I am definitely lost on this problem. Can someone help me out?

A(n) 51.3 kg astronaut becomes separated
from the shuttle, while on a spacewalk. She
finds herself 50.3 m away from the shuttle
and moving with zero speed relative to the
shuttle. She has a(n) 0.537 kg camera in her
hand and decides to get back to the shuttle
by throwing the camera at a speed of 12 m/s
in the direction away from the shuttle.
How long will it take for her to reach the
shuttle? Answer in units of min.

Think conservation of momentum here. Relative to the shuttle, the momentum of the astronaut and camera is 0 (zero velocity realtive to the shuttle). After she throws the camera, her momentum plus the momentum of the camera is still 0.

Consider a coordinate sytaem moving with the shuttle. Apply the law of conservation of momentumin that coordinate system.

Since total momentum will be conserved when she throws away the camera, Mastronaut*Vrecoil= = Mcamera*Vcamera
Vrecoil = (.537)/51.3)*12 m/s
= 0.1256 m/s
Time to reach shuttle = 50.3 m/0.1256 m/s = 400 seconds = 6 2/3 minutes

To solve this problem, we can use the principle of conservation of momentum. The momentum before she throws the camera is zero since she has zero speed. Therefore, the momentum after she throws the camera should also be zero, since no external forces act on her.

Let's denote the velocity of the astronaut after throwing the camera as V_a, and the velocity of the camera as V_c. The mass of the astronaut is m_a = 51.3 kg, and the mass of the camera is m_c = 0.537 kg. The initial distance between the astronaut and the shuttle is d = 50.3 m.

According to the law of conservation of momentum, the momentum before throwing the camera equals the momentum after throwing the camera. The momentum is defined as the product of mass and velocity: momentum = mass * velocity.

Initially, the momentum of the astronaut is zero, and the momentum of the camera is m_c * V_c. After she throws the camera, the momentum of the astronaut is m_a * V_a, and the momentum of the camera becomes zero.

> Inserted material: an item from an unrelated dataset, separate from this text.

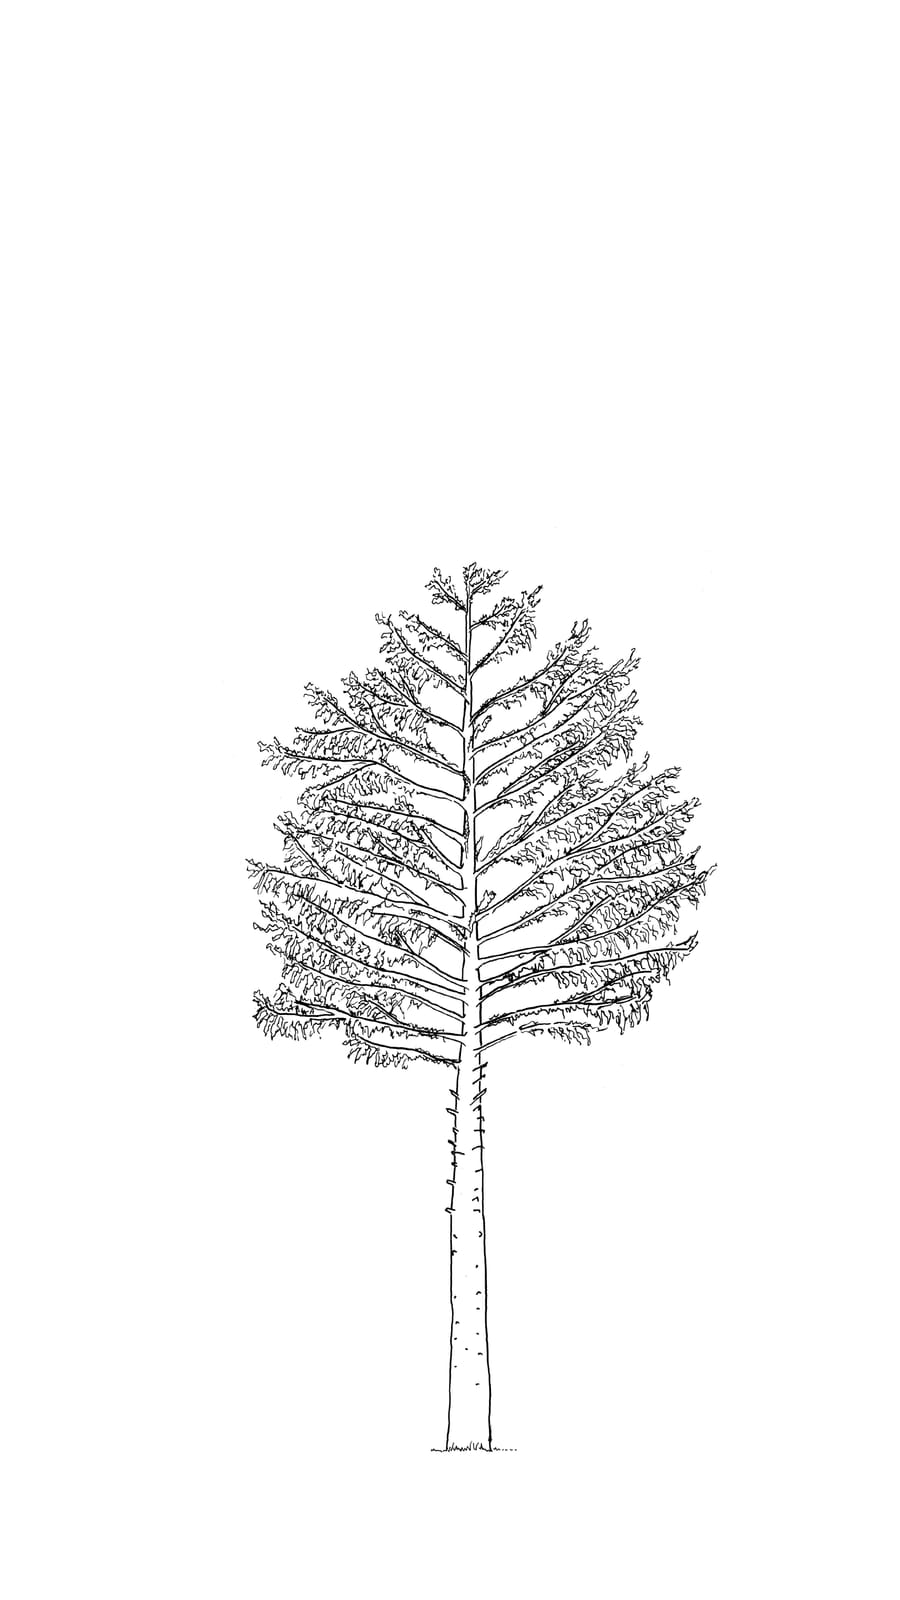 Black line sketch of a 30 year old douglas fir tree

So, we can write the conservation of momentum equation as:

0 + m_c * V_c = m_a * V_a + 0

Next, let's consider the motion of the astronaut before and after she throws the camera. Before throwing the camera, she had zero initial velocity. After throwing the camera, she has a final velocity V_a, and the distance she traveled is d.

We can use the equation of motion to relate the distance, velocity, and time. The equation is:

d = V * t

where d is the distance, V is the velocity, and t is the time.

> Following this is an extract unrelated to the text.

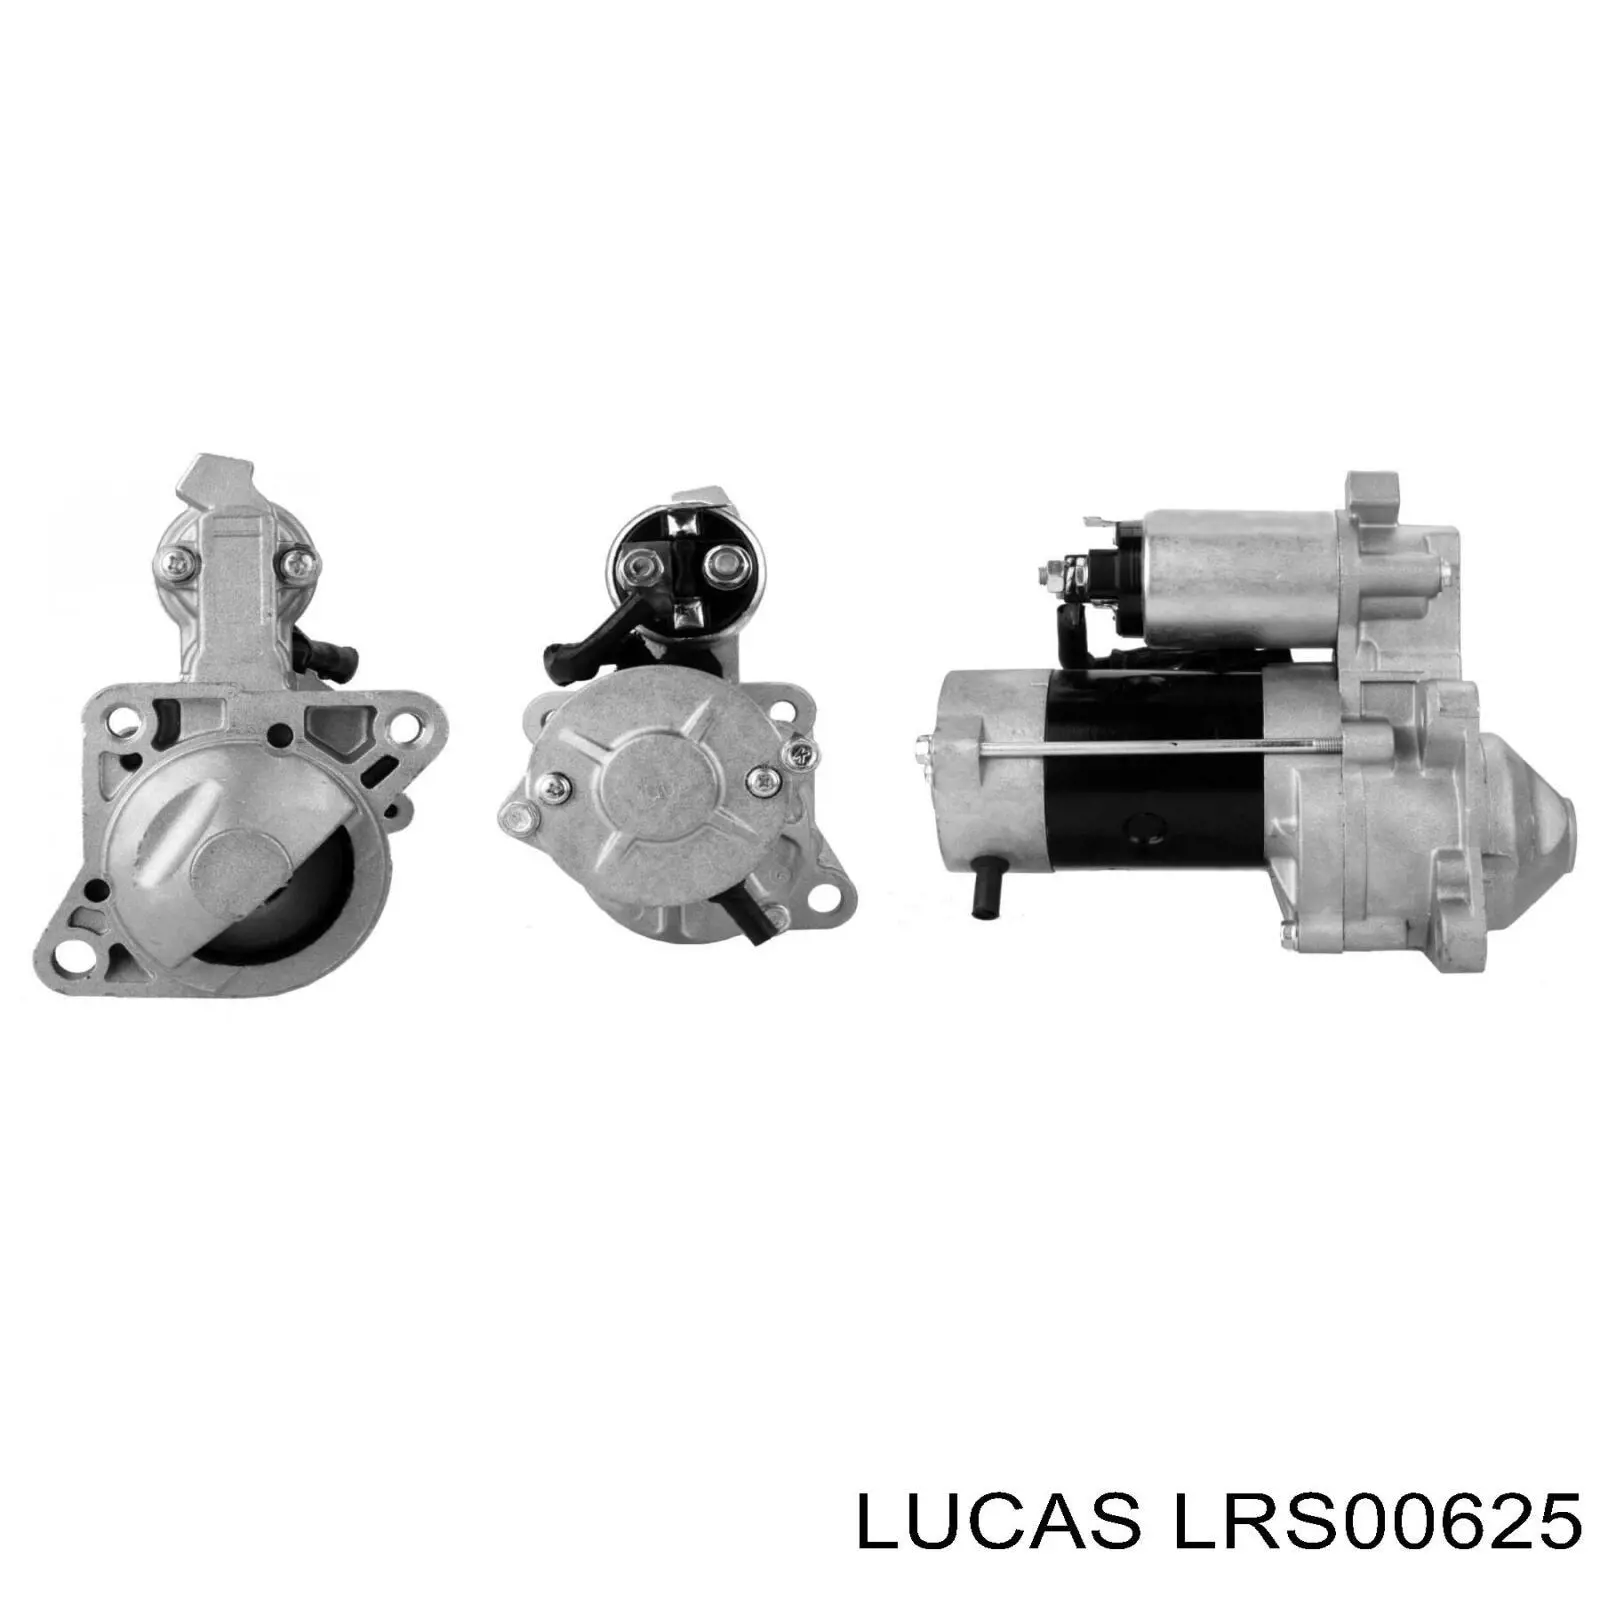 Motor de arranque LRS00625 Lucas

Now, we can solve the conservation of momentum equation for V_a:

V_a = (m_c * V_c) / m_a

Then we substitute the equation of motion for the distance:

d = V_a * t

Substituting the value of V_a from the conservation of momentum equation:

d = ((m_c * V_c) / m_a) * t

Finally, solve for t:

t = (m_a * d) / (m_c * V_c)

t = (51.3 kg * 50.3 m) / (0.537 kg * 12 m/s)

t = 4829.26 s

To convert the time to minutes, divide by 60:

t = 4829.26 s / 60 s/min

t ≈ 80.49 min

Therefore, it will take her approximately 80.49 minutes to reach the shuttle.